CONCIERTO
Dixerunt
Con obras de Giovanni B. Sammartini, Francisco Corselli, Mauro D’Alay y Domenico Scarlatti
12
ENE
2024
Dixerunt
Con obras de Giovanni B. Sammartini, Francisco Corselli, Mauro D’Alay y Domenico Scarlatti
12 ENE 2024
PROGRAMA
Giovanni Battista Sammartini (c. 1700-1775)
Sinfonía en sol mayor, J-C 39 (10’)
- Allegro ma non tanto
- Grave
- Allegro assai
- Minuetto
Francisco Corselli (1705-1778)
Ave Regina (6’)
Regina caeli laetare (7’)
Giovanni Battista Sammartini
Concertino para cuatro instrumentos en sol mayor (9’)
- Allegretto
- Affettuoso e piano
- Presto
Francisco Corselli
Lamentación segunda de Miércoles Santo (7’)

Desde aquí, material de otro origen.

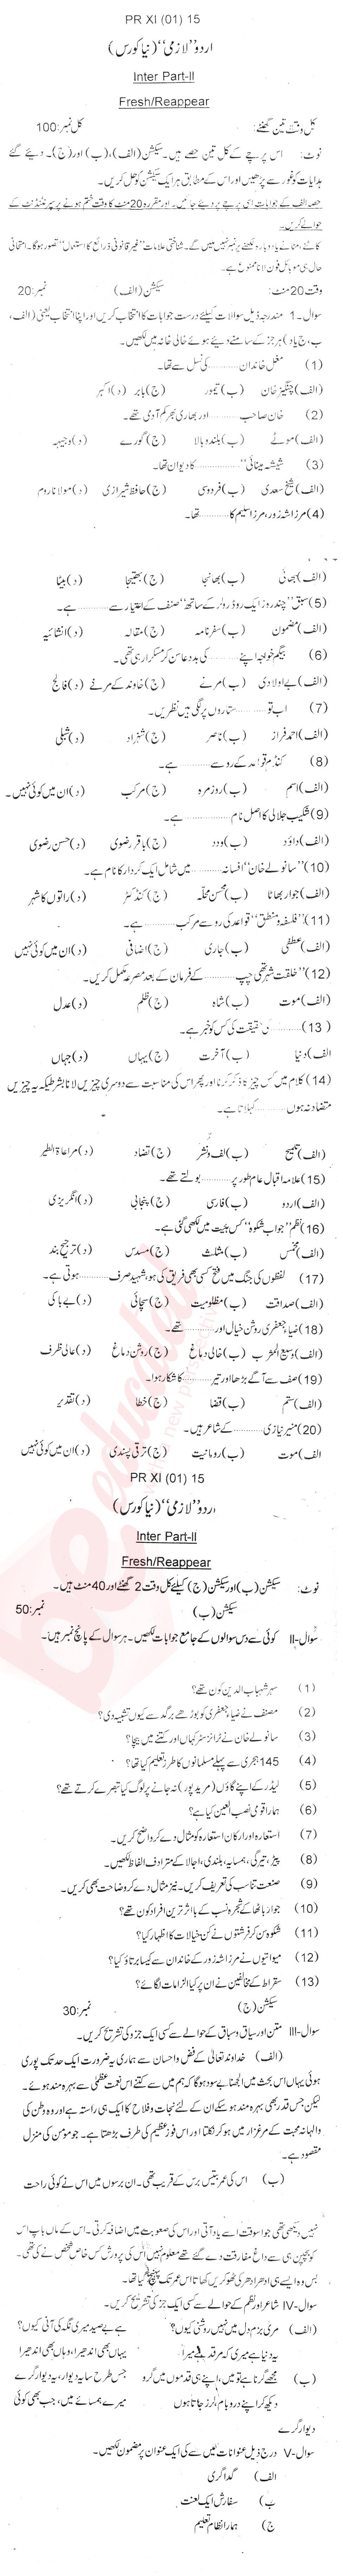 Urdu 12th class Past Paper Group 1 BISE Bannu 2015

Mauro D’Alay (c. 1687-1757)
Concierto para dos violines en re menor (9’)
- Allegro
- Largo
- Presto
Solistas: Maxim Kosinov e Ignacio Ramal
Domenico Scarlatti (1685-1757)
Salve Regina (12’)
INTÉRPRETES
NOTAS AL PROGRAMA
Renace un estilo y muere una época
A Felipe V, el Alcázar madrileño siempre le pareció un lugar inhóspito, oscuro, ahogado y laberíntico. Lo plomizo de la decoración y la parafernalia heredada de los Austrias era una reliquia del pasado especialmente antipática al nuevo rey. La rigurosa etiqueta había colocado a los monarcas españoles en una posición distante y oculta, en correspondencia a una vida privada hermética, muy distinta al carácter público del modelo francés. La cocina castellana apenas gustó a Felipe V, quien la rechazó de inmediato, poco antes de expulsar a los enanos y bufones a los que Velázquez había retratado con tanta dignidad, y de exigir el cambio de vestimenta eliminando la golilla, que hasta entonces había sido símbolo de nobleza y que él mismo usó como gesto condescendiente durante varios meses y desde que Hyacinthe Rigaud, pintor de la corte de Luis XIV, hiciera, todavía en Francia, el primer retrato oficial. La música y el teatro «a la española» le parecieron de lo más aburrido, a él y a su primera esposa, María Luisa de Saboya.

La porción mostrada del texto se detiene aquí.